As is their wont, government number-crunchers crammed a forecast for the increase in the entire year’s contributions into the January numbers. So this doesn’t mean that $127 billion was sucked out of American paychecks in January. It’s more of a guess about the increase in contributions over the entire year. Still, this “theoretical” number was a big part of the reason why US income numbers saw their sharpest one-month decline in 20 years. You can see there was a similarly sharp move lower—in terms of contributions—back in 2010, when the payroll tax holidays were put in place.

While that number may be “theoretical,” a lot more real cash from withheld income and payroll taxes is coming into the US Treasury.

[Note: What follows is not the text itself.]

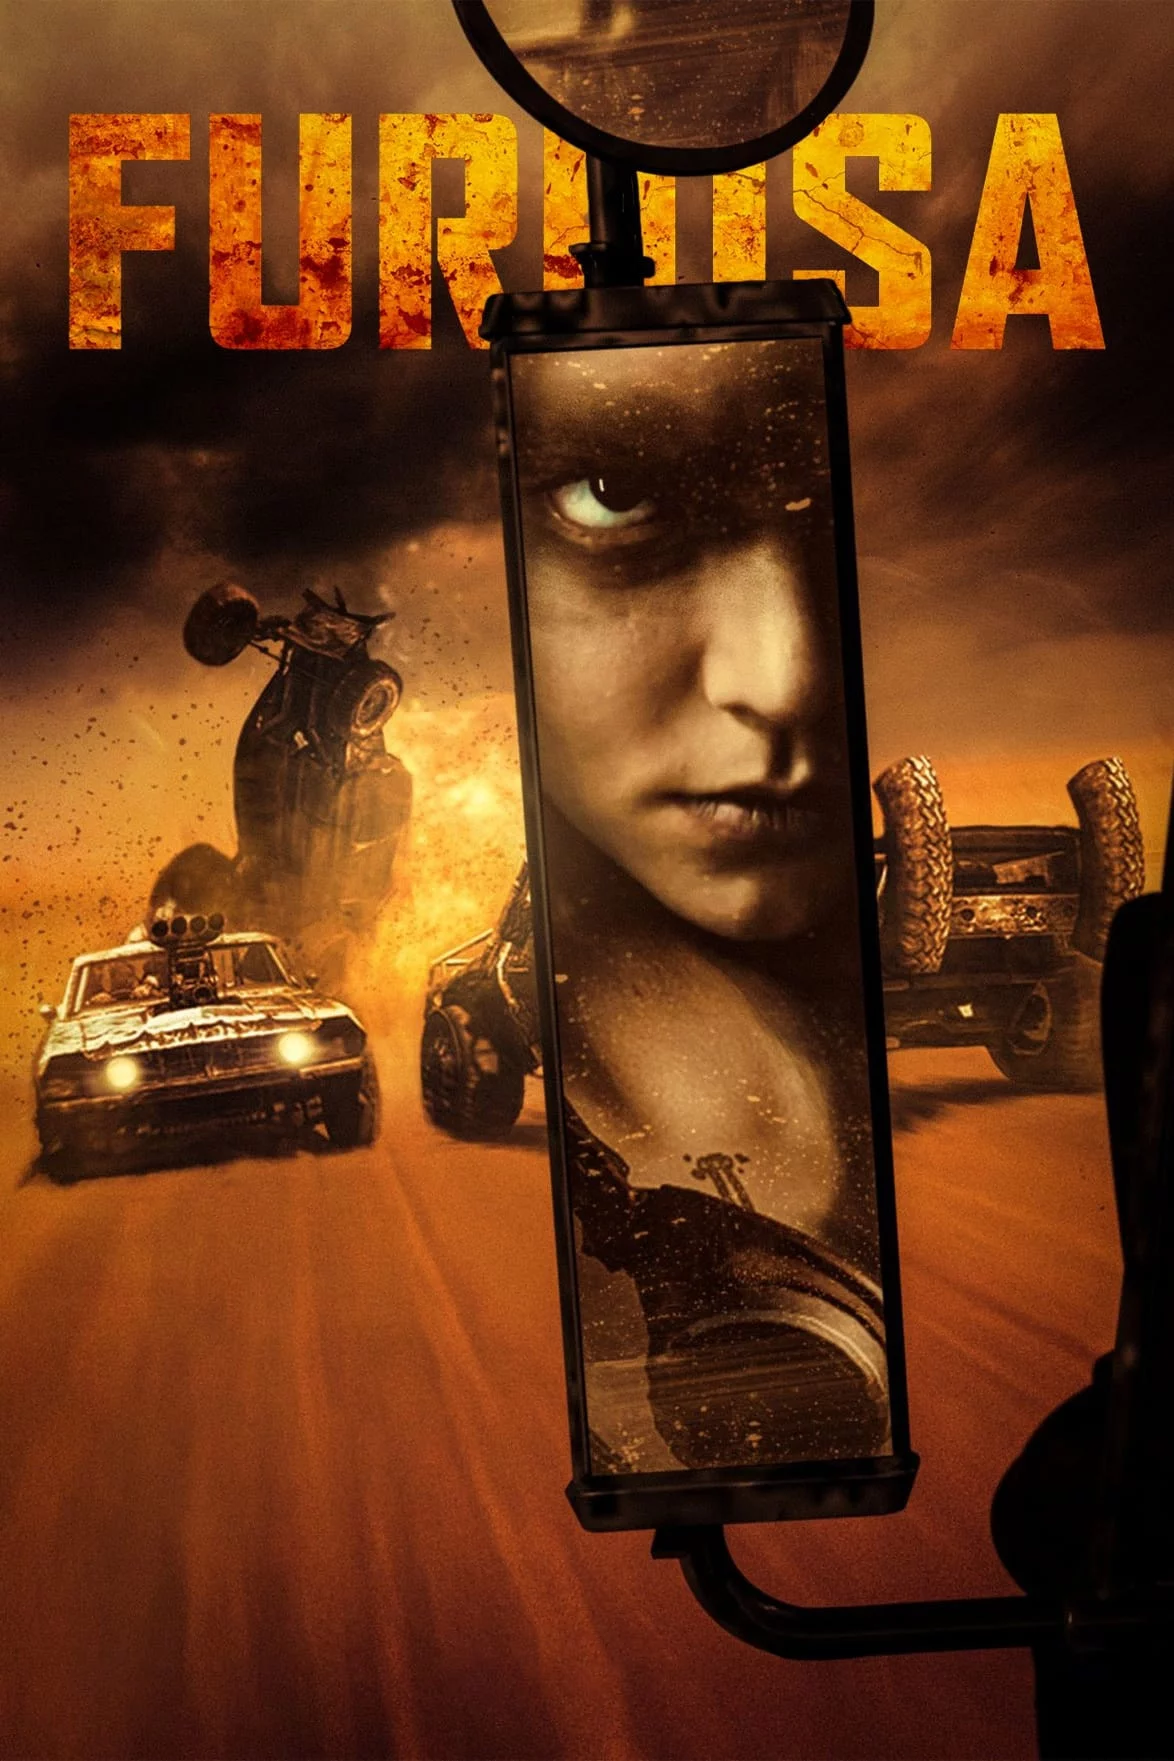 Photo du film : Furiosa: une saga Mad Max
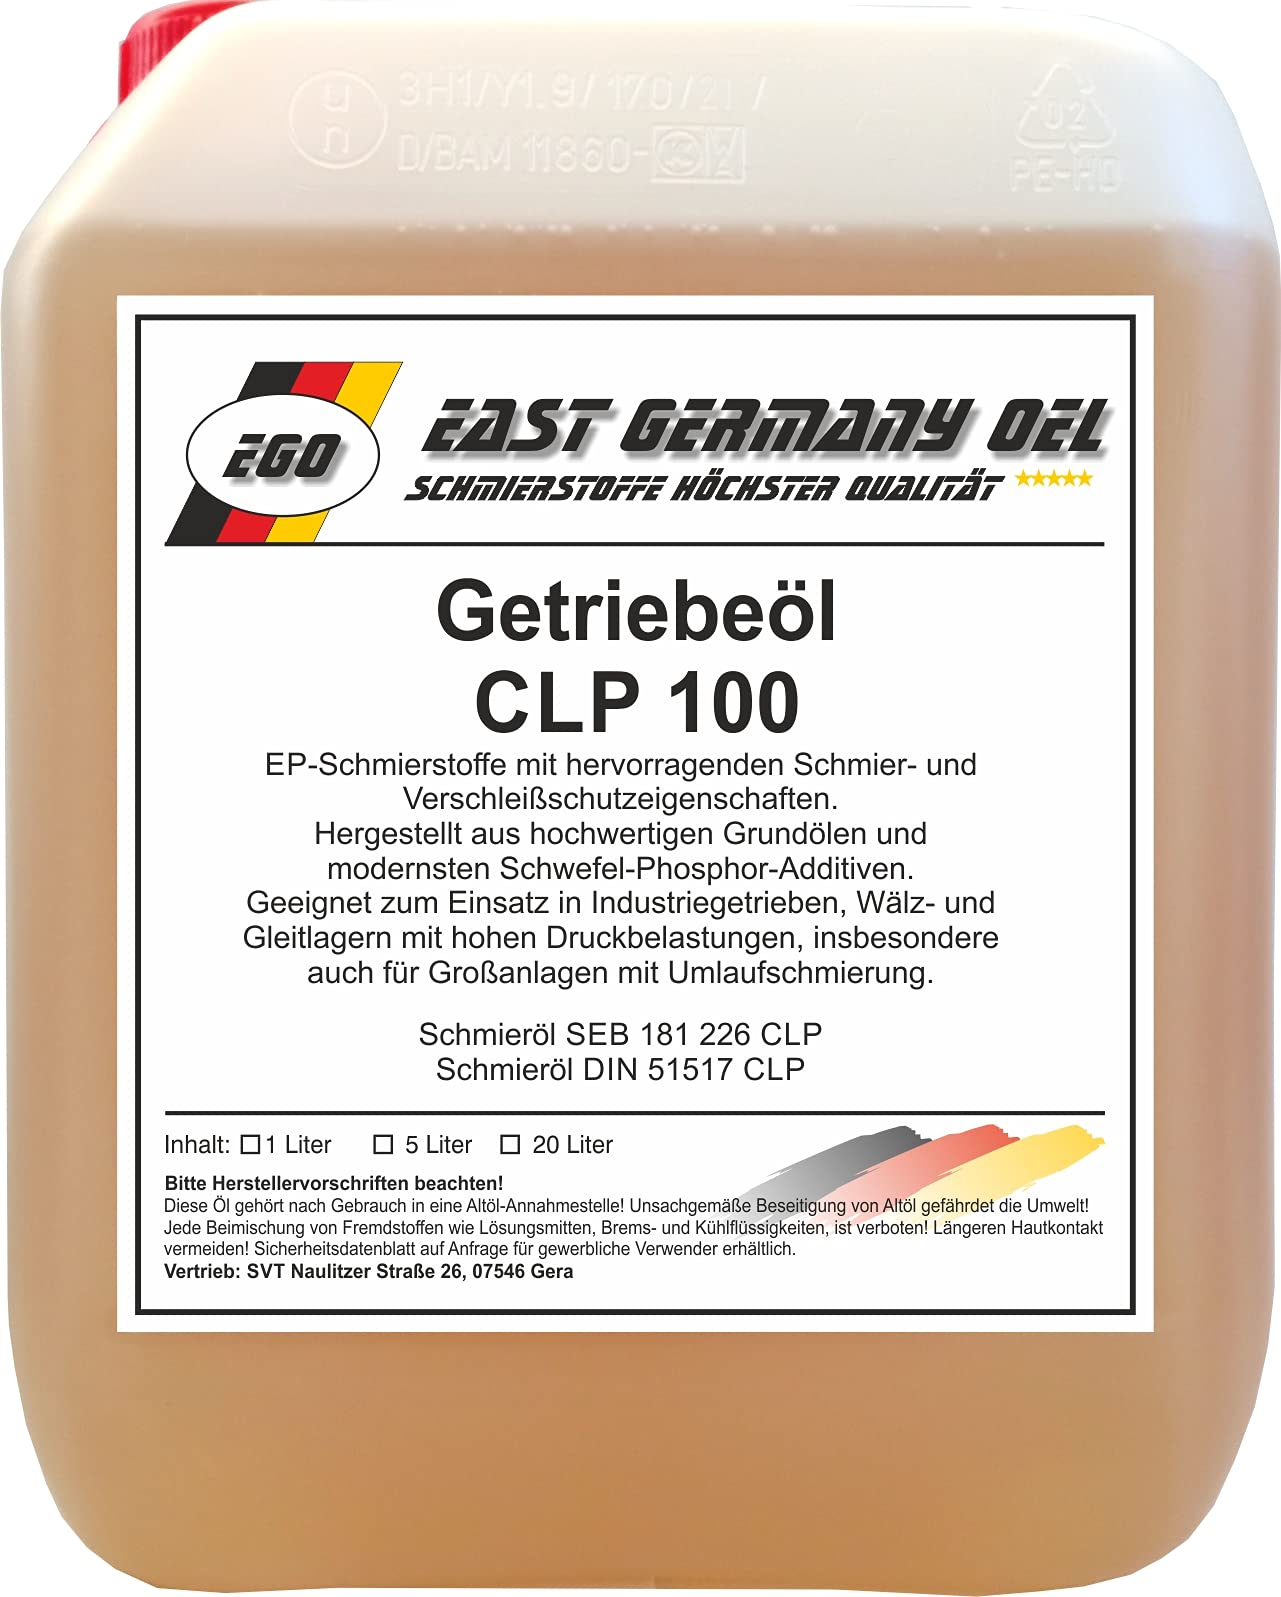 Getriebeöl CLP 100 Kanister 5 Liter von East Germany OIL

Here’s a smoothed-out look at the daily tax witholdings deposited by US employers. (Because the numbers are so noisy, we put a 50-day moving average on them to clarify the trend.) It’s hard to say how much of the surge recently is related to the payroll tax hike, and how much is related to—say—increased increasing wages or job gains, which would also add to the total.

The good news, if there is any, out of the January pay report is that US wages and salaries look to be in better shape than they were last year. Compared to January 2012—and subtracting out the effects of inflation—wage and salary payments were up about 2.2%. That’s down slightly from December’s 4.3% gain. But the December bump was an outlier driven by some of the same dynamics that sent dividend payments up ahead of the tax January increases.

As always, there are caveats galore to consider. For one thing, the improvement in inflation-adjusted wage growth in the US has a lot to do with declining inflation, as well as increasing wages. And with the uptick in gas prices we’ve seen in recent months—New York gasoline futures are up 13% since the end of last year—inflation likely took a larger chunk out of consumer incomes in February and will also do so in March.

The point? While the US economy is benefitting from a considerable tailwind from the improvements in the housing market, US consumer finances are far from being rock solid. On the other hand, they haven’t been for decades.